Australia’s national courts and tribunals heard thousands of cases in 2025. We’ve pulled together 10 cases across all practice areas that have challenged thinking, made headlines and could set new legal precedents for years to come. These cases demonstrate:
- the risks of using public artificial-intelligence tools for legal research;
- the consequences facing directors who fail to fulfil their duties;
- the importance of procedural fairness in workforce decisions; and
- the multi-million-dollar fines listed companies risk for not taking whistleblowers seriously.
1. Lawyer referred to Legal Practice Board for citing AI-generated fake cases
JNE24 v Minister for Immigration and Citizenship [2025] FedCFamC2G 1314
On 15 August 2025, Judge Gerrard of the Federal Circuit and Family Court of Australia (FCFCOA) referred a lawyer to the Legal Practice Board of Western Australia (LPBWA) for submitting AI-generated fictitious case citations. Judge Gerrard found that placing false authorities or evidence before the court constituted improper conduct and a breach of a lawyer’s duties to both the client and the court.
The proceedings concerned an application for judicial review of a 9 October 2024 decision by the Administrative Appeals Tribunal. The court asked the applicant’s lawyer to explain how four fictitious cases were included in submissions he filed on 22 May 2025, and whether those false citations were the result of AI-generated research.
The lawyer explained that he had researched the cases through the internet, books and articles, and said that he must have erred in applying them to his submissions. The court was not satisfied with this explanation and directed the lawyer to serve an affidavit addressing how the submissions were generated and provide written submissions as to why he should not be referred to the LPBWA.
The lawyer subsequently filed an affidavit stating that that he had relied upon the AI tool Claude AI “as a research tool to identify potentially relevant authorities and to improve my legal arguments and position”. He had then used another AI tool, Microsoft Copilot, to validate the submissions. He said he had “developed an overconfidence in relying on AI Tools and failed to adequately verify the generated results”.
The court noted that the lawyer’s behaviour demonstrates the inherent dangers associated with relying solely on the use of AI in preparing court documents. The court stated that, while there is nothing inherently impermissible about using AI programs to assist with research, they are not an appropriate substitute for legal research and come with considerable risks that can lead to lawyers being held in contempt of court.

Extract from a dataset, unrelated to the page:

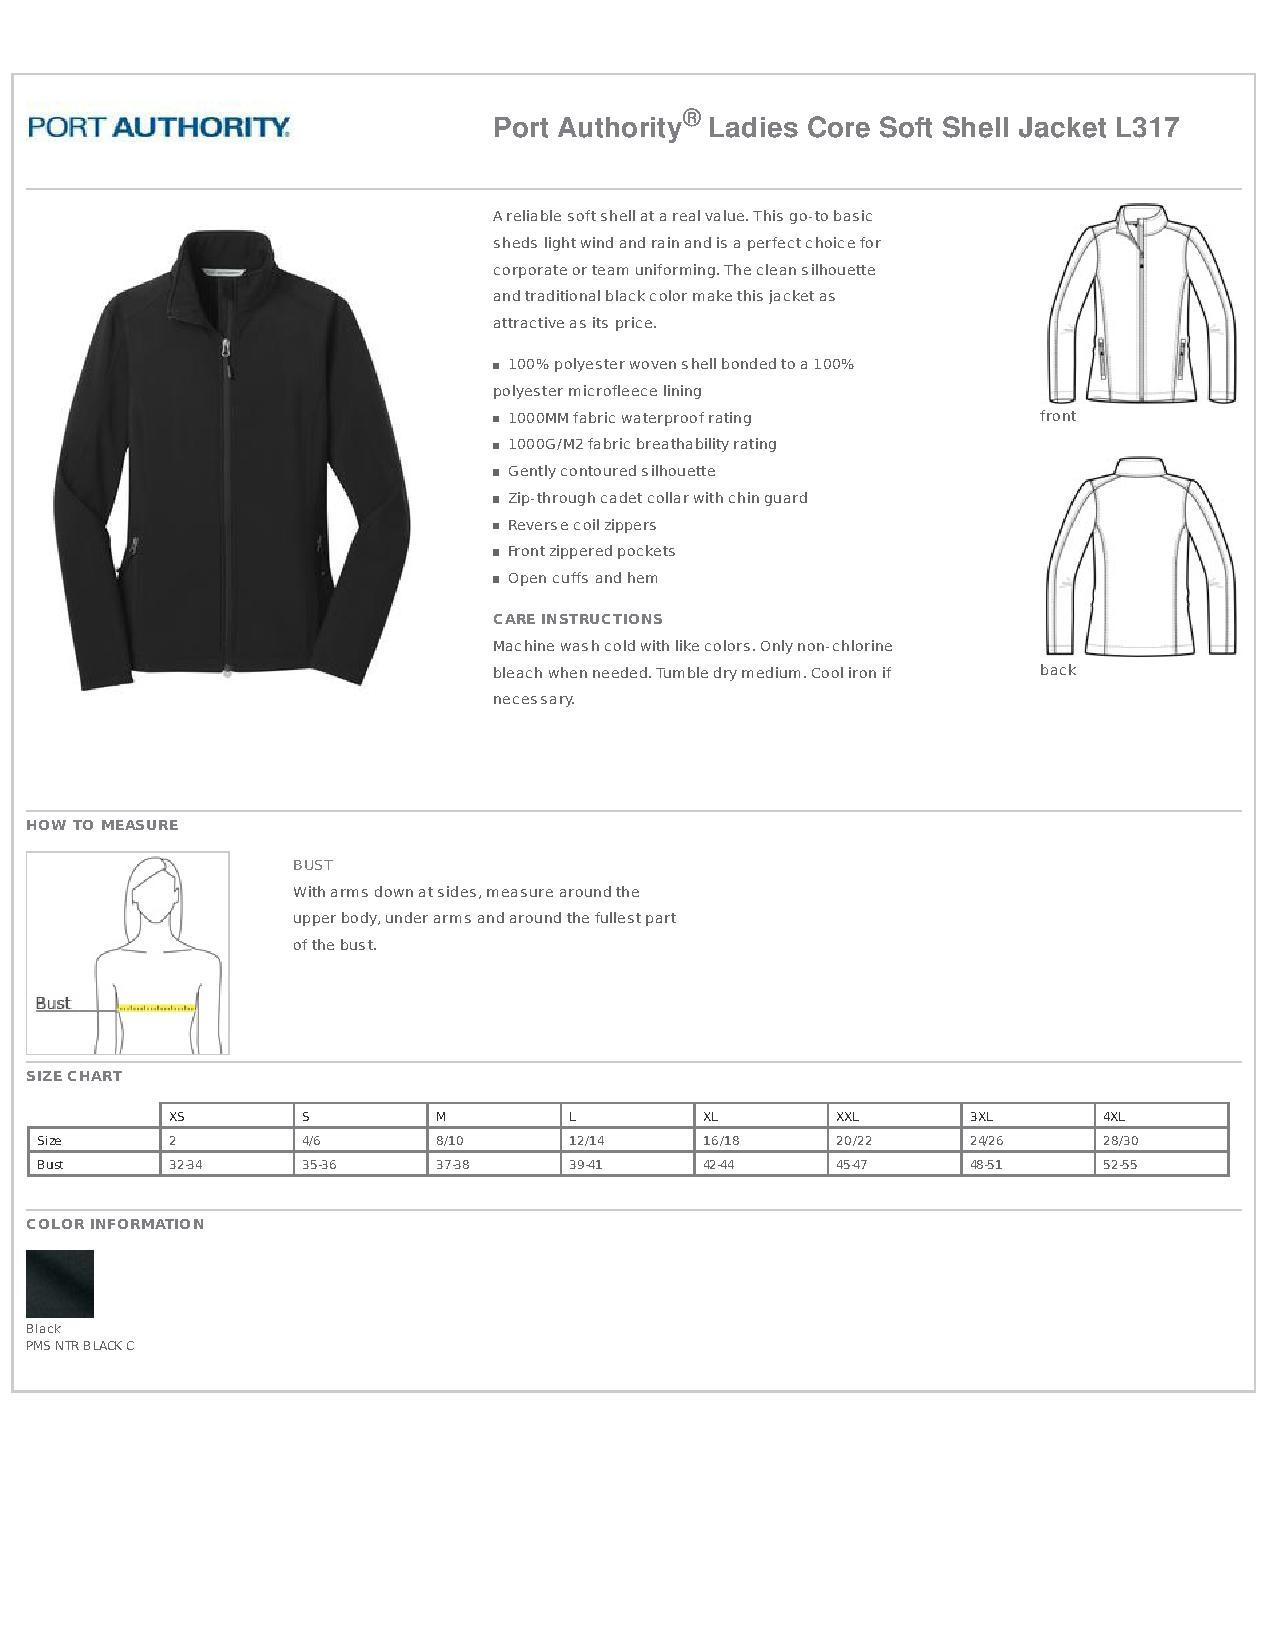 Port Authority Soft Shell Jacket

The court referred the applicant’s lawyer to the LPBWA for improper conduct but refrained from naming him following his candour, embarrassment and apology. He also ordered the lawyer to personally pay the first respondent’s costs. The lawyer had already repaid the applicant in full for all costs paid in relation to the litigation.
2. ABC fined $220,000 for firing journalist over ‘political opinion’

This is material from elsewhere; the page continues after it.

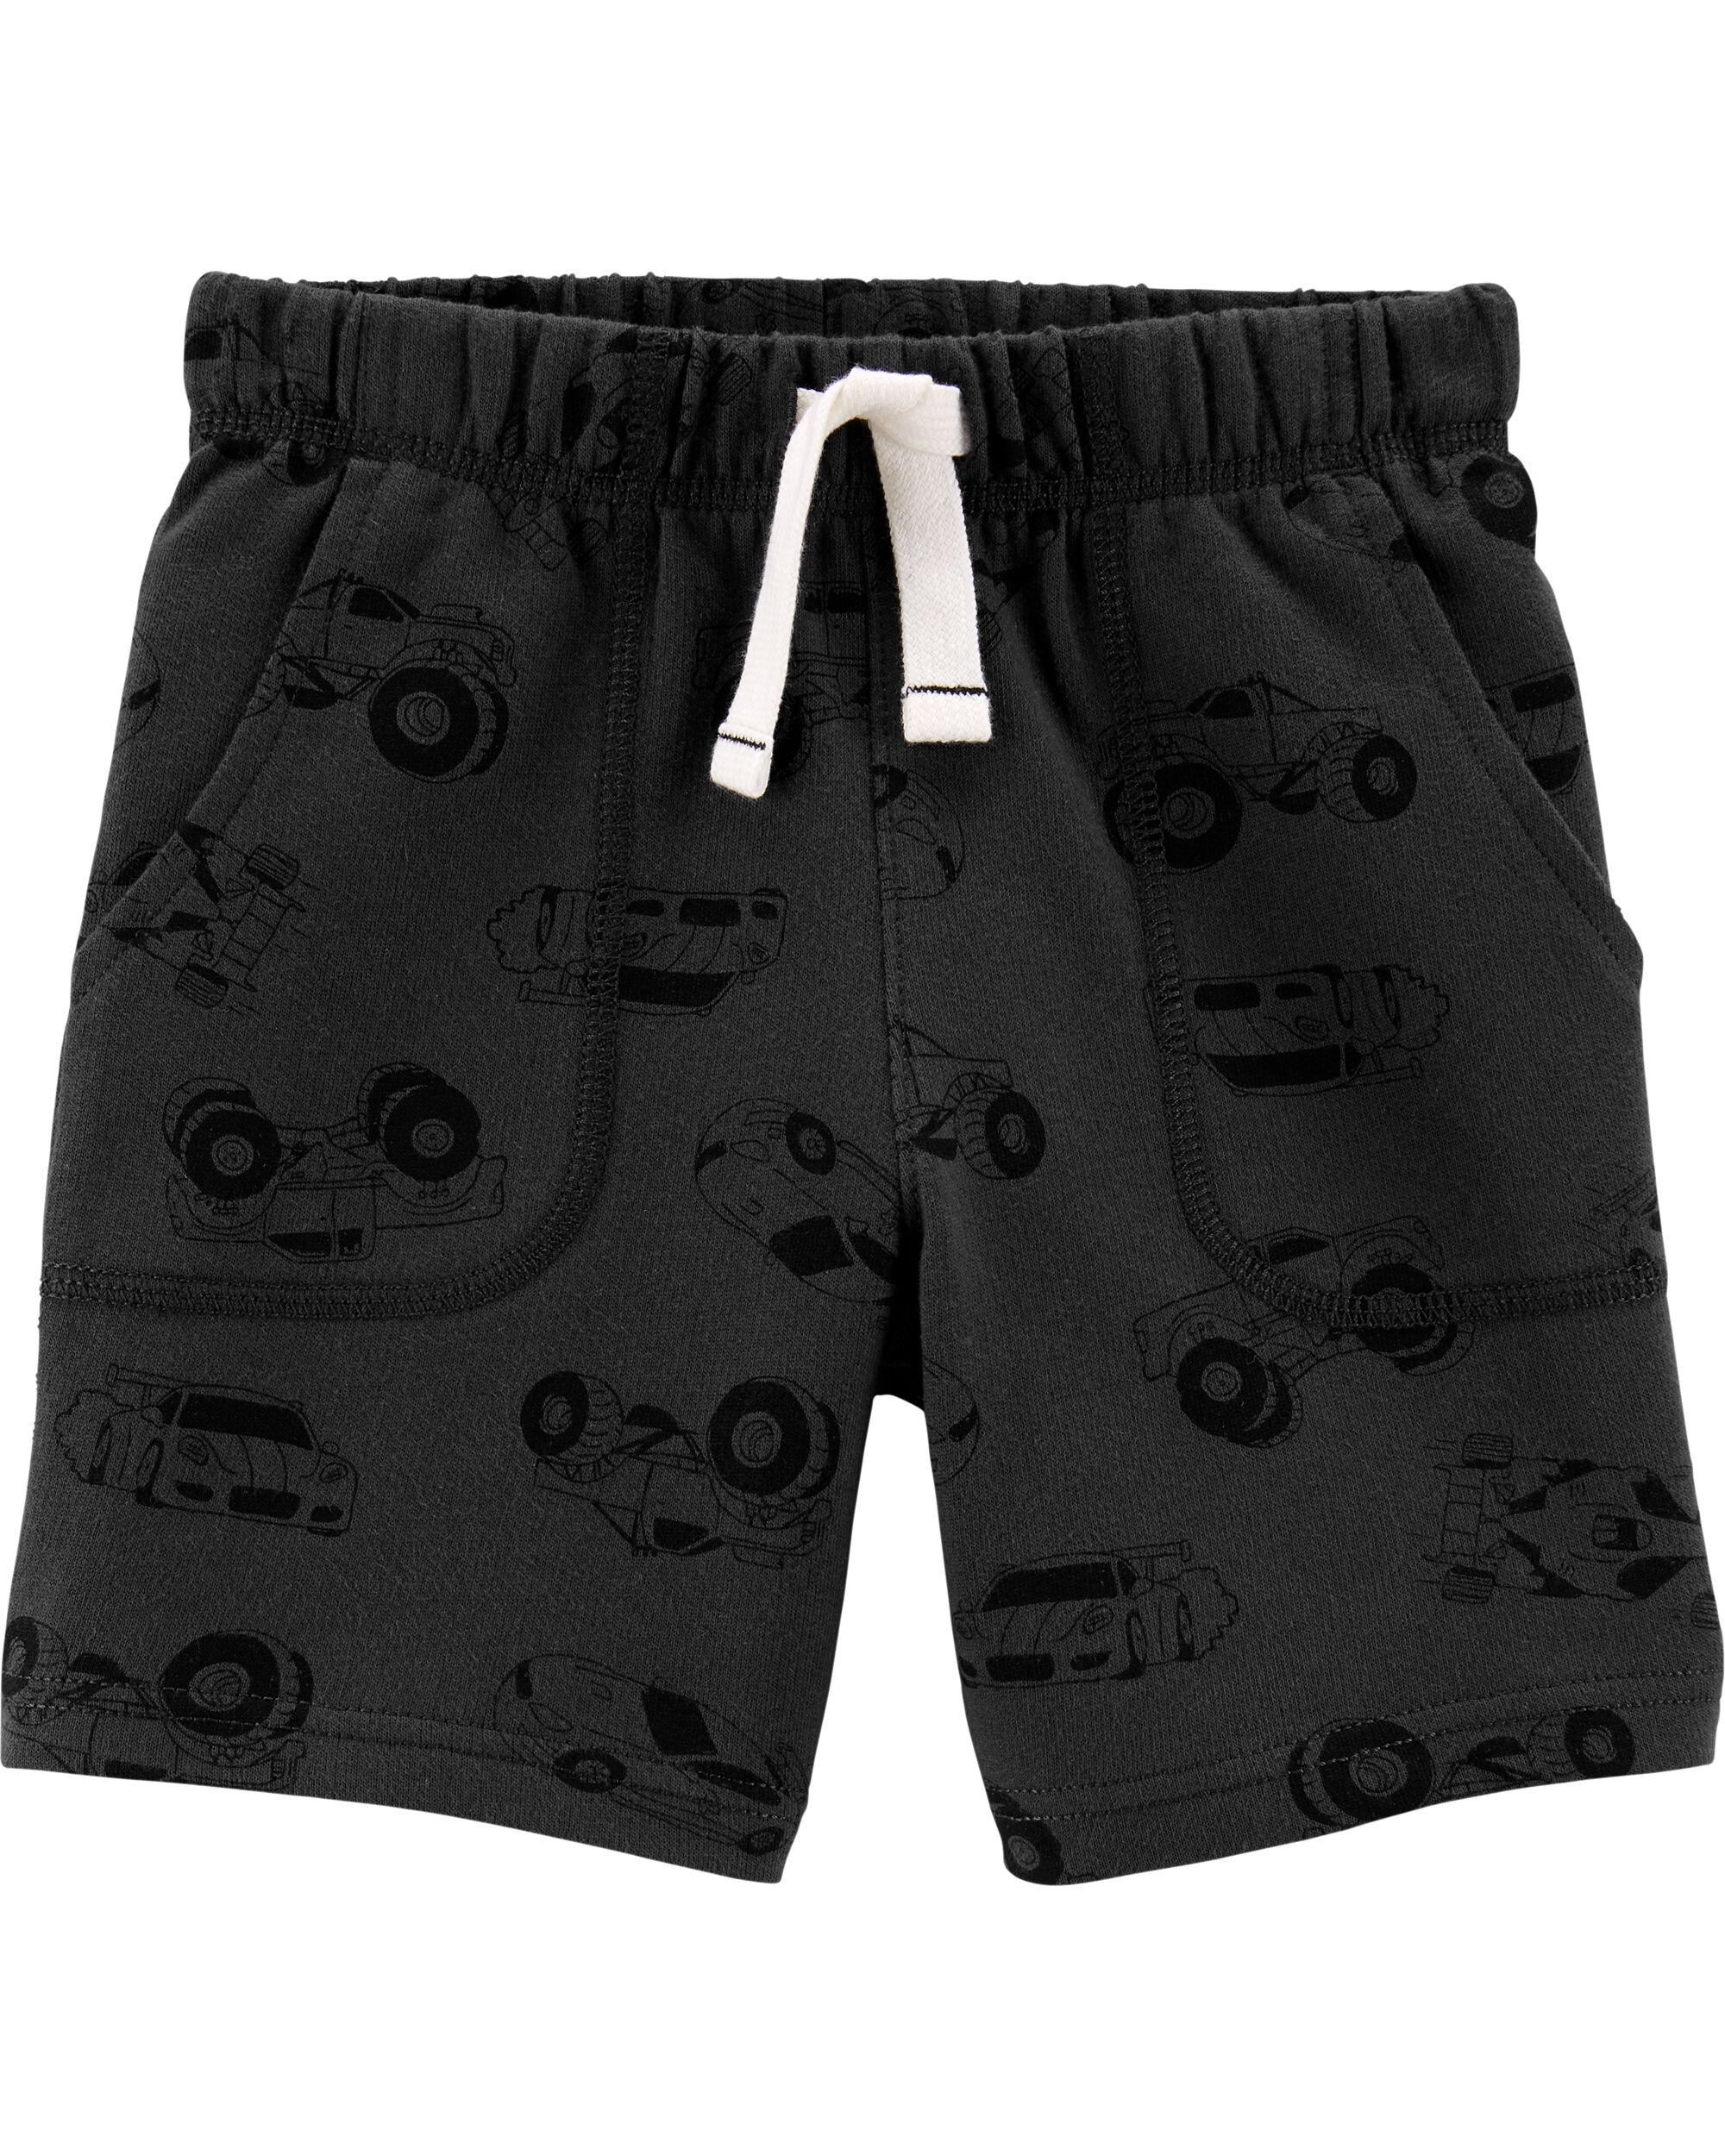 *DOORBUSTER* Pull On Shorts

Lattouf v Australian Broadcasting Corporation (No 2) [2025] FCA 669; Lattouf v Australian Broadcasting Corporation (Penalty) [2025] FCA 1174
The Federal Court of Australia (FCA) found that the Australian Broadcasting Corporation (ABC) unlawfully terminated the employment of freelance journalist Antoinette Lattouf in December 2023 for reasons including her political opinion on the Israeli military campaign in Gaza.
Lattouf, a casual radio presenter of the Sydney Mornings programme, was advised by the ABC against posting anything on social media that would suggest she was not impartial about the Israel/Gaza war. That advice was qualified by an indication that it would be fine to post fact-based material from a verified source.

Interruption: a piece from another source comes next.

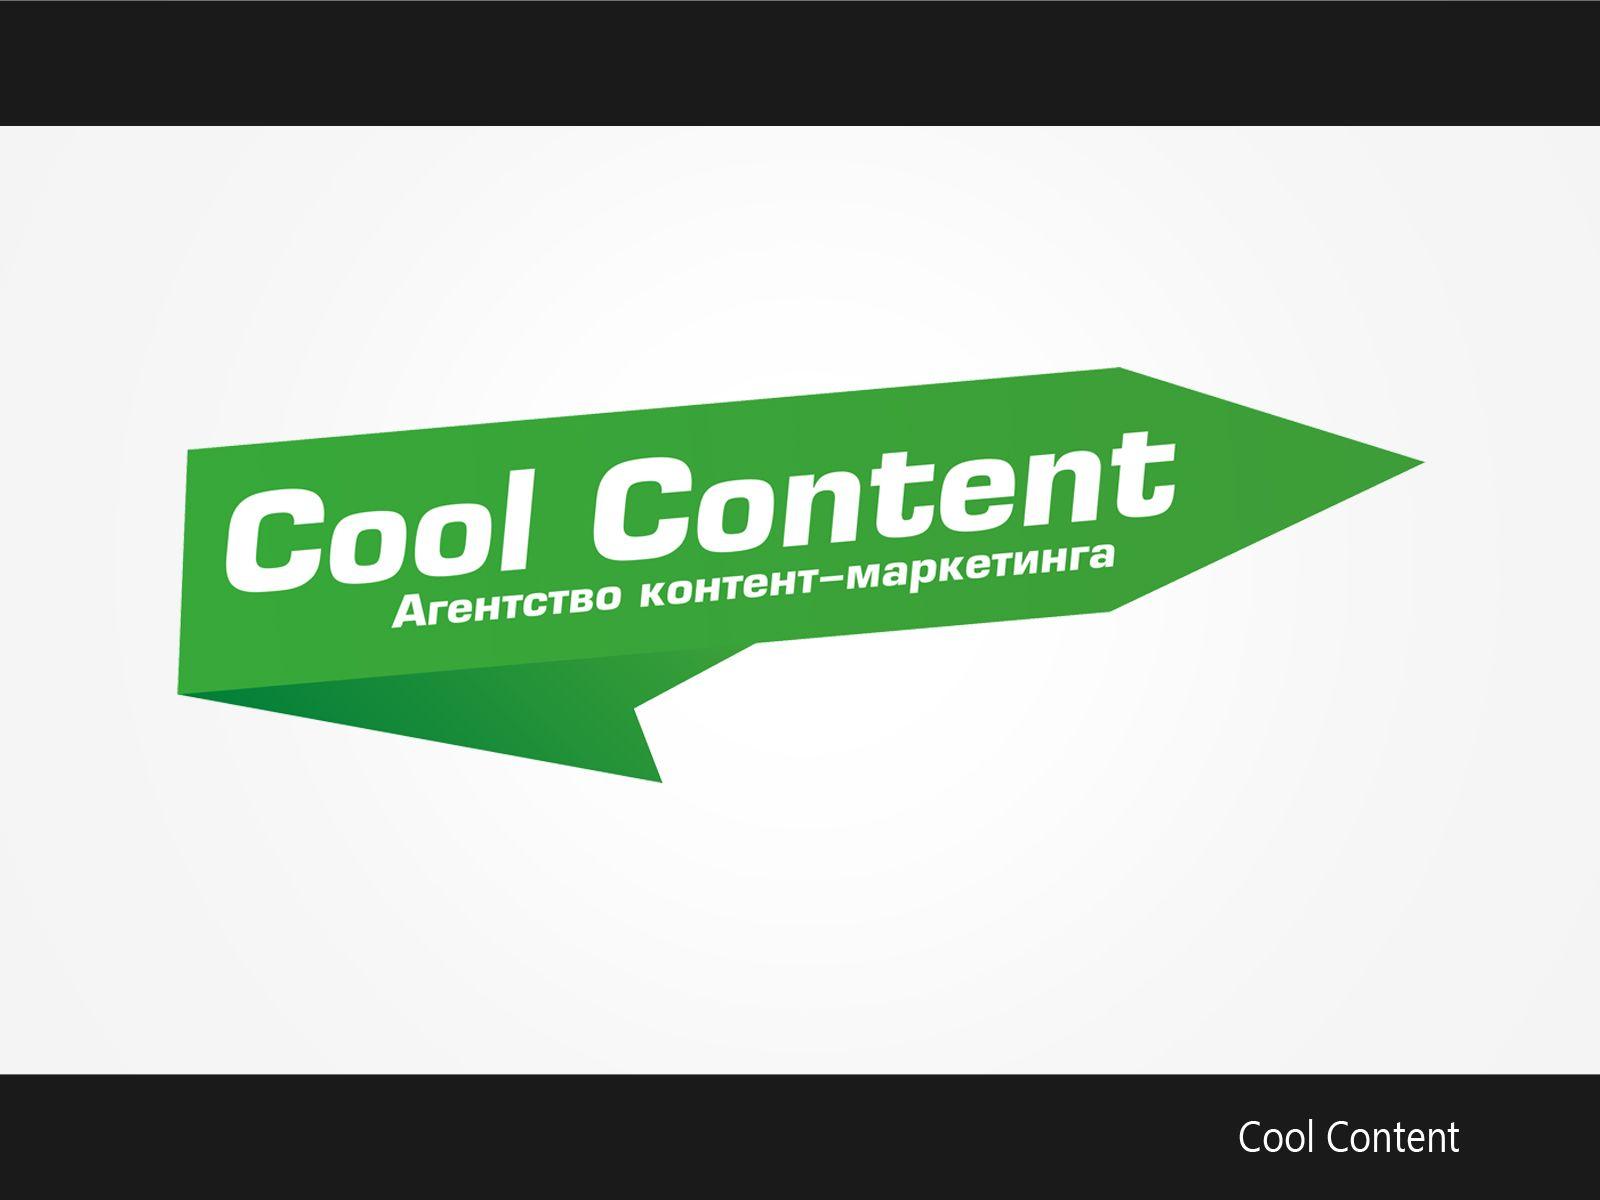 Лого для агентства Cool Content - дизайнер bonvian

On Tuesday 19 December 2023, Lattouf reposted on her personal Instagram account a Human Rights Watch video that had already been the subject of an ABC News story. The next day, she was informed by the ABC that she had shared a post that could be considered controversial and had breached organisational policies. The policies she was alleged to have breached were not identified and she was not given any opportunity to defend herself against the allegations. She was told her services would no longer be required.
In a judgment issued on 25 June 2025, Justice Rangiah found that the ABC contravened section 772(1) of the Fair Work Act 2009 (Cth) by terminating Lattouf’s employment. The court also declared that the ABC contravened section 50 of the FWA by contravening the ABC Enterprise Agreement 2022–2025.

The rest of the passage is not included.